Top 5 amino acids by frequency:
  L: 11.8%
  I: 9.2%
  K: 9.2%
  T: 9.2%
  E: 7.9%

2. Pairwise alignment¶

Two sequences from the same family share local stretches but differ in length and content. The right algorithm picks itself: Needleman-Wunsch for global (full-length) alignment, Smith-Waterman for local (best subsequence) alignment.

In [1]:

Copied!





from molforge.sequence import align, needleman_wunsch, smith_waterman

# Two short fragments of ubiquitin with one substitution and one indel
a = "MQIFVKTLTGKTITLEV"
b = "MQILVKTLTGKTITLEV"  # F4L

result = needleman_wunsch(a, b)
print("=== Global alignment (Needleman-Wunsch) ===")
print(f"Identity: {result.identity:.1%}")
print(f"Score:    {result.score:.0f}")
print()
print(result.format(width=80))
from molforge.sequence import align, needleman_wunsch, smith_waterman

# Two short fragments of ubiquitin with one substitution and one indel
a = "MQIFVKTLTGKTITLEV"
b = "MQILVKTLTGKTITLEV"  # F4L

result = needleman_wunsch(a, b)
print("=== Global alignment (Needleman-Wunsch) ===")
print(f"Identity: {result.identity:.1%}")
print(f"Score:    {result.score:.0f}")
print()
print(result.format(width=80))

=== Global alignment (Needleman-Wunsch) ===
Identity: 94.1%
Score:    75

MQIFVKTLTGKTITLEV
||| |||||||||||||
MQILVKTLTGKTITLEV

In [1]:

Copied!





# Find a shared region between two divergent sequences
a = "ZZZZZMQIFVKTLTGKTZZZZZ"
b = "QQQQMQIFVKTLTGKTQQQ"
result = smith_waterman(a, b)
print("=== Local alignment (Smith-Waterman) ===")
print(f"Identity:    {result.identity:.1%}")
print(f"Score:       {result.score:.0f}")
print(f"a coverage:  {result.coverage_a:.1%}")
print(f"b coverage:  {result.coverage_b:.1%}")
print(f"a region:    a[{result.start_a}:{result.end_a}]")
print(f"b region:    b[{result.start_b}:{result.end_b}]")
print()
print(result.aligned_a)
print(result.aligned_b)
# Find a shared region between two divergent sequences
a = "ZZZZZMQIFVKTLTGKTZZZZZ"
b = "QQQQMQIFVKTLTGKTQQQ"
result = smith_waterman(a, b)
print("=== Local alignment (Smith-Waterman) ===")
print(f"Identity:    {result.identity:.1%}")
print(f"Score:       {result.score:.0f}")
print(f"a coverage:  {result.coverage_a:.1%}")
print(f"b coverage:  {result.coverage_b:.1%}")
print(f"a region:    a[{result.start_a}:{result.end_a}]")
print(f"b region:    b[{result.start_b}:{result.end_b}]")
print()
print(result.aligned_a)
print(result.aligned_b)

=== Local alignment (Smith-Waterman) ===
Identity:    63.2%
Score:       80
a coverage:  86.4%
b coverage:  100.0%
a region:    a[1:20]
b region:    b[0:19]

ZZZZMQIFVKTLTGKTZZZ
QQQQMQIFVKTLTGKTQQQ

3. Substitution matrices¶

Both NW and SW default to BLOSUM62 — the standard.
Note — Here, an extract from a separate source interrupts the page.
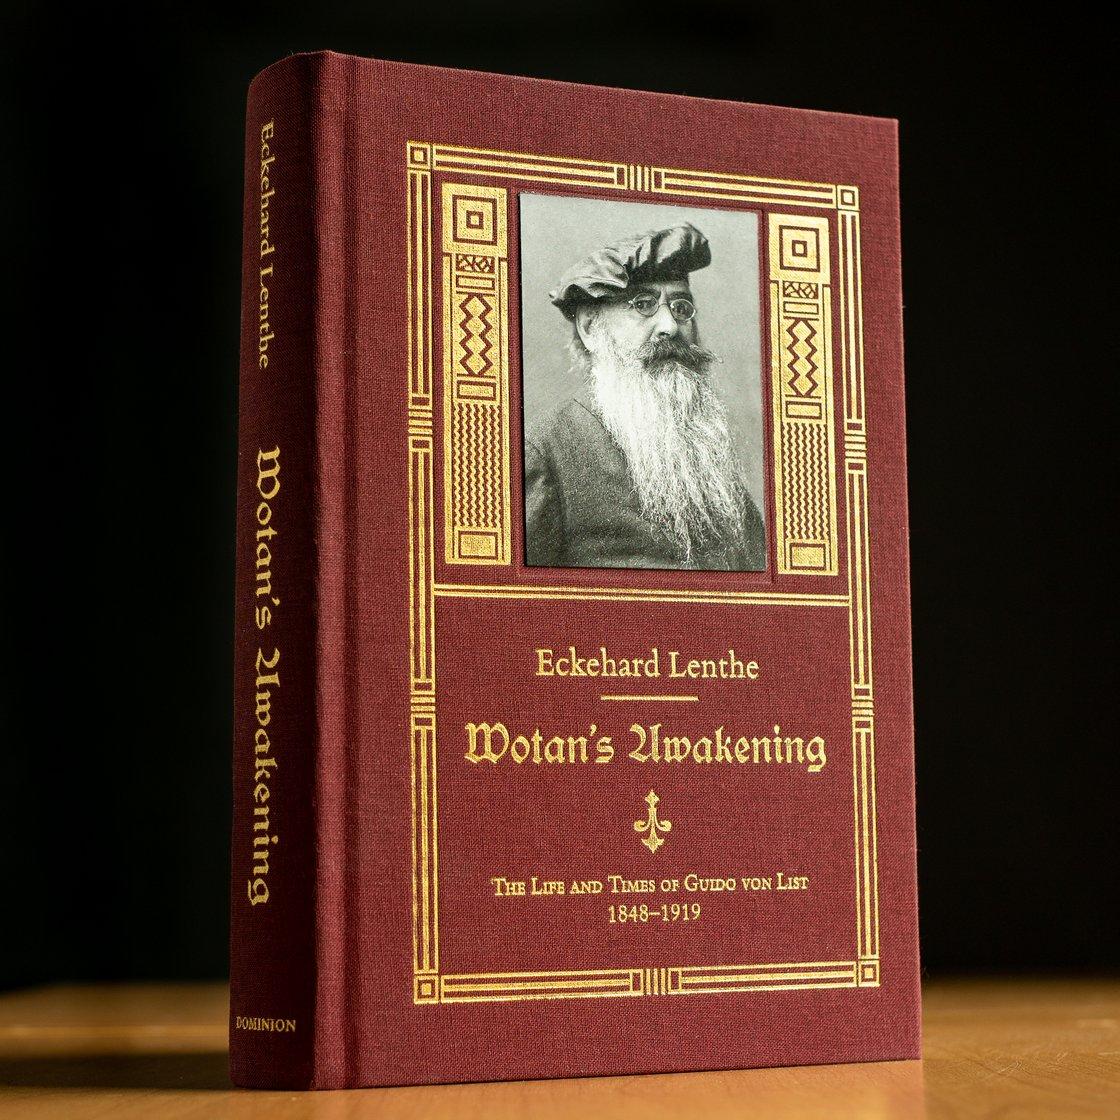 Image of Wotan's Awakening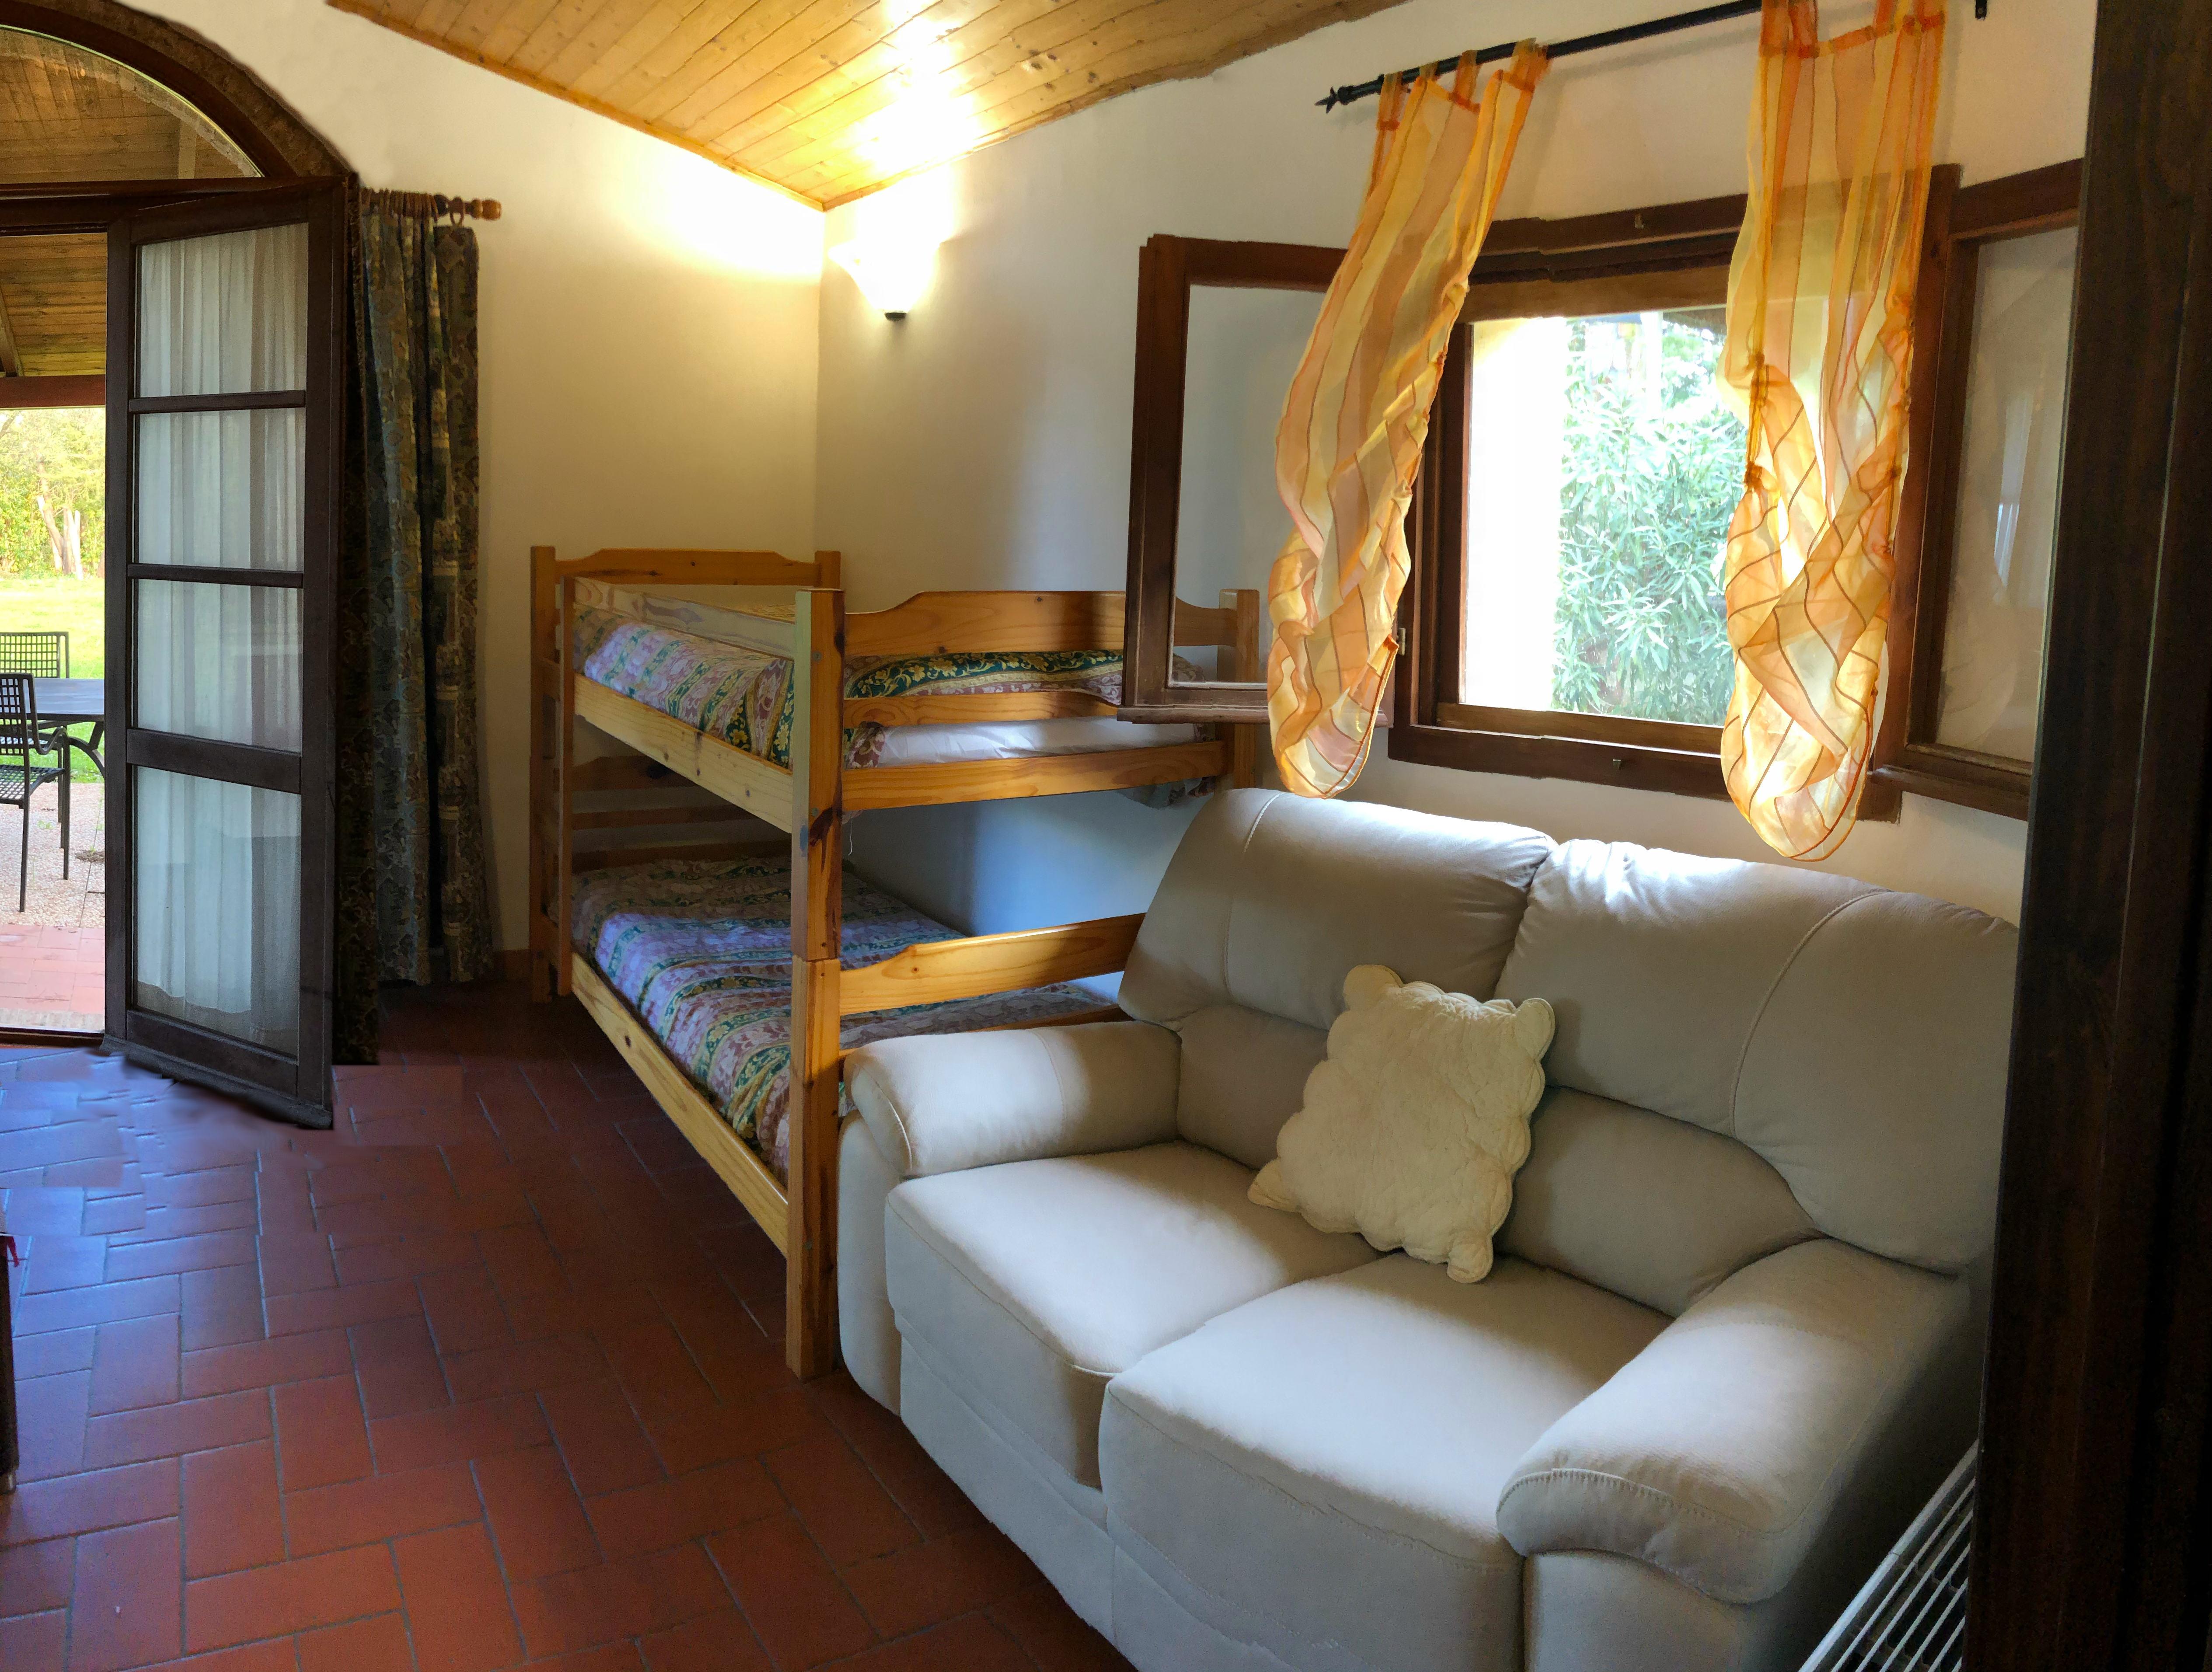 Appartamento Rondine: dettaglio del soggiorno con divano, letto a castello, finestra e porta aperta con vista sul giardino

PAM250 and match/mismatch are also available.

In [1]:

Copied!





from molforge.sequence import BLOSUM62, PAM250, get_matrix, available_matrices

print(f"Available matrices: {available_matrices()}")
mat, idx = get_matrix("BLOSUM62")
print(f"BLOSUM62 shape: {mat.shape}")  # 24x24 (20 AAs + B/Z/X/*)
print(f"index A -> {idx['A']}, R -> {idx['R']}, X -> {idx['X']}")
print()
# A swap between two similar residues (L vs I) scores high in BLOSUM62
print(f"BLOSUM62[L, I] = {mat[idx['L'], idx['I']]}  (similar)")
print(f"BLOSUM62[L, D] = {mat[idx['L'], idx['D']]}  (dissimilar)")
from molforge.sequence import BLOSUM62, PAM250, get_matrix, available_matrices

print(f"Available matrices: {available_matrices()}")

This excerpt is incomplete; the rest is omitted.